| Task details |
Transcribe only the stretch of lines that opens with the line containing "1.24 - Western Wind Gate" and closes with the last line of the listing, skipping pictures.

| Provided material |
++++++

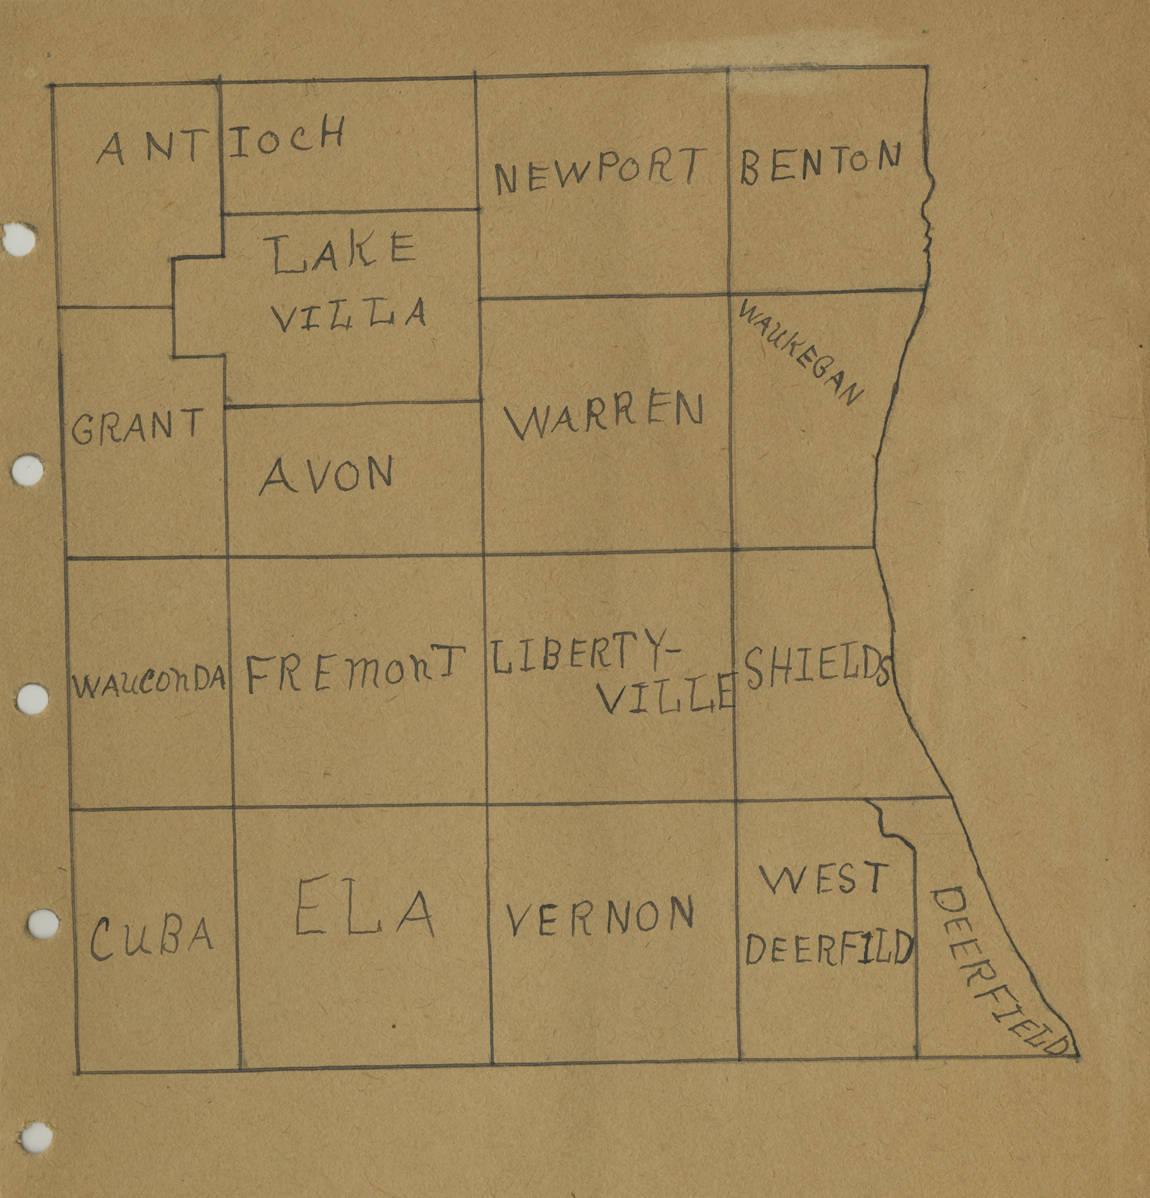 C:\Users\Vern\Documents\Fort Hill\1918 Schools Centennial\1918 Wauconda Twp Glynch School\1918_School_Histories__Wauconda_Township__Glynch_School_2003045_Page_4.jpg
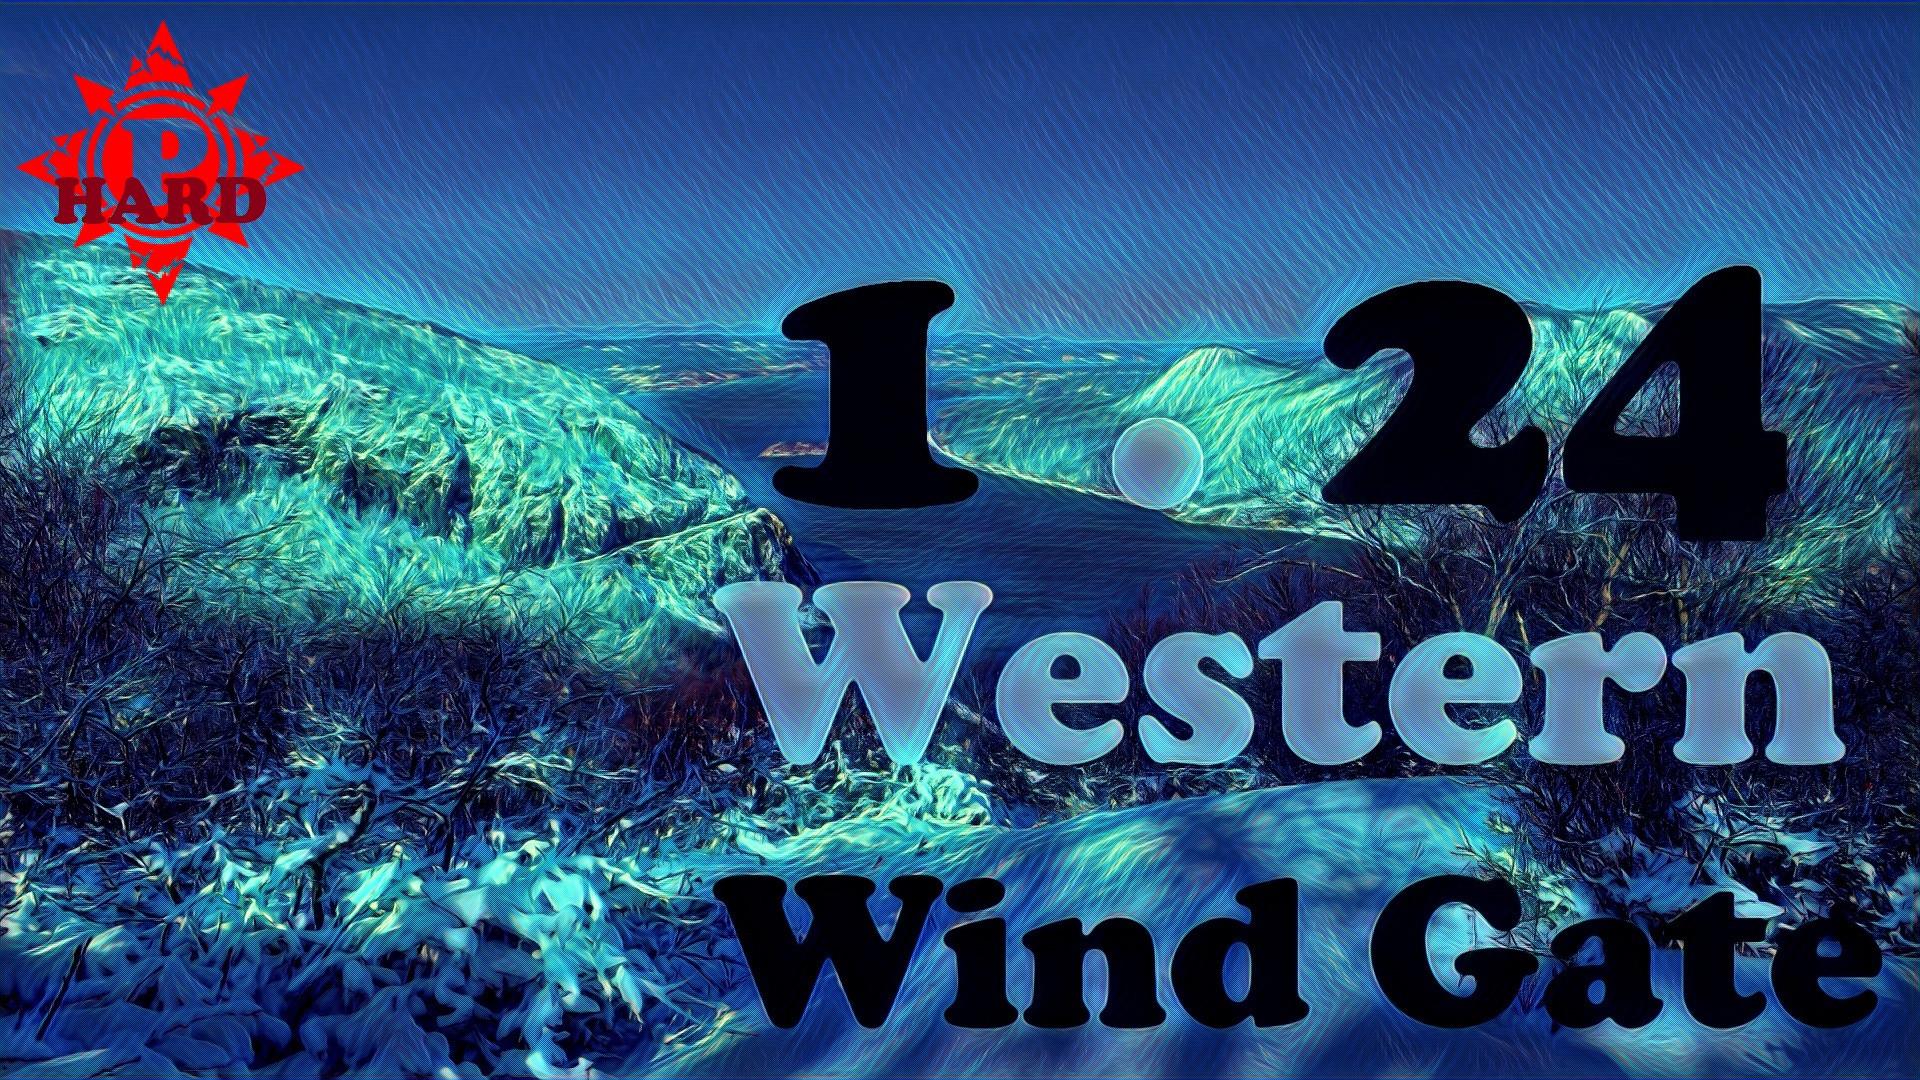 1.24 - Western Wind Gate
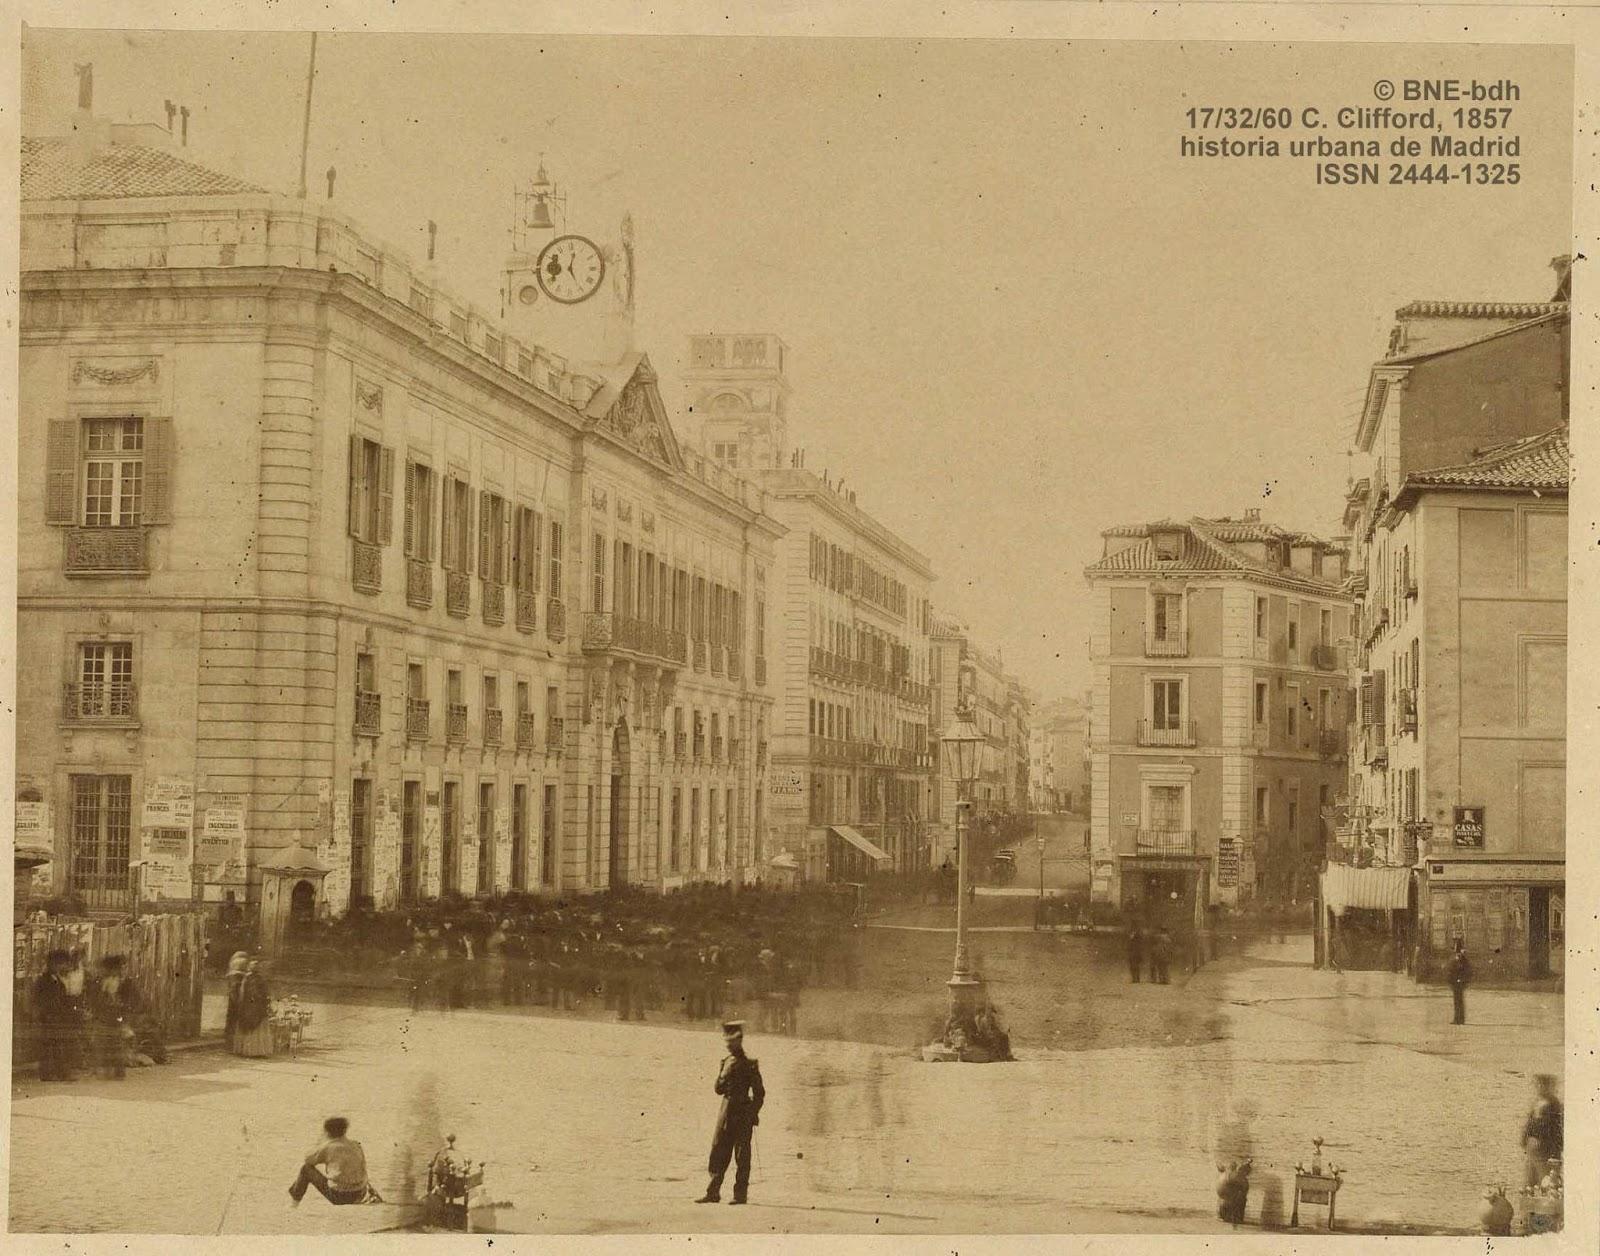 Historia urbana de madrid el reloj de la puerta del sol for Puerta del sol hoy en directo
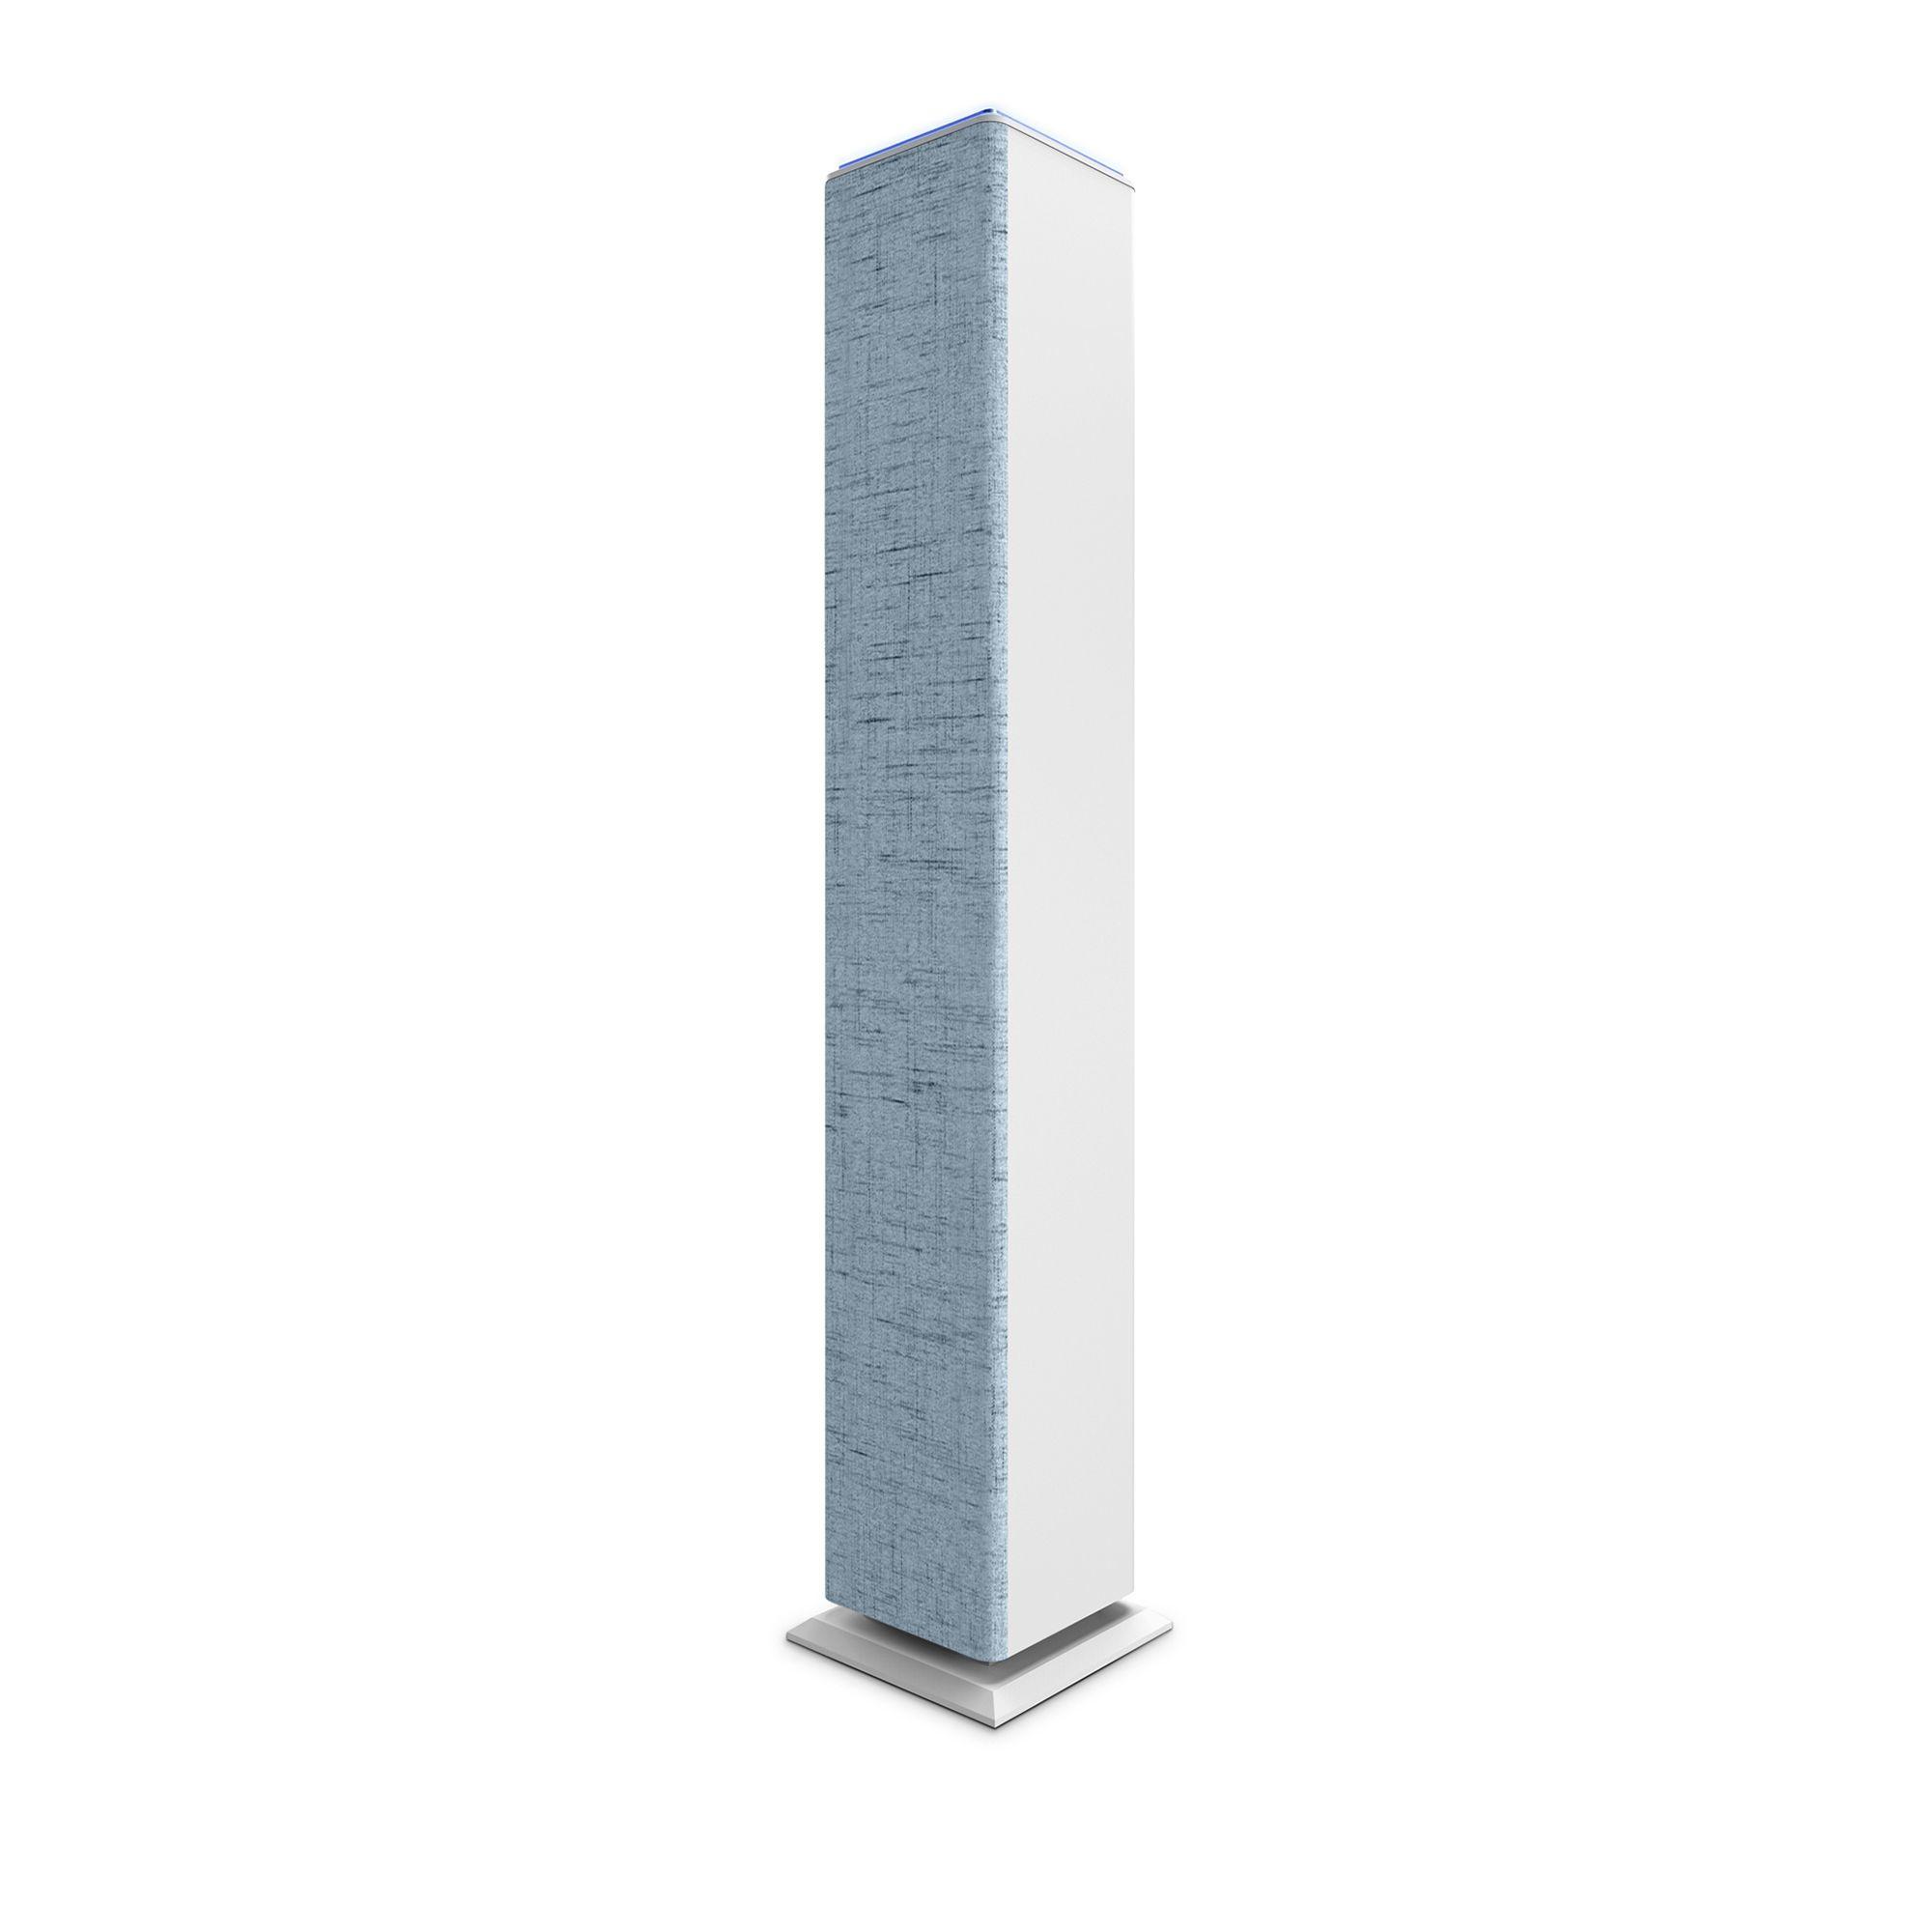 Energy Sistem Smart 7 Tower Blanco 40 W

++++++

| Solved problem |
 1.24 - Western Wind Gate
 Historia urbana de madrid el reloj de la puerta del sol for Puerta del sol hoy en directo
 Energy Sistem Smart 7 Tower Blanco 40 W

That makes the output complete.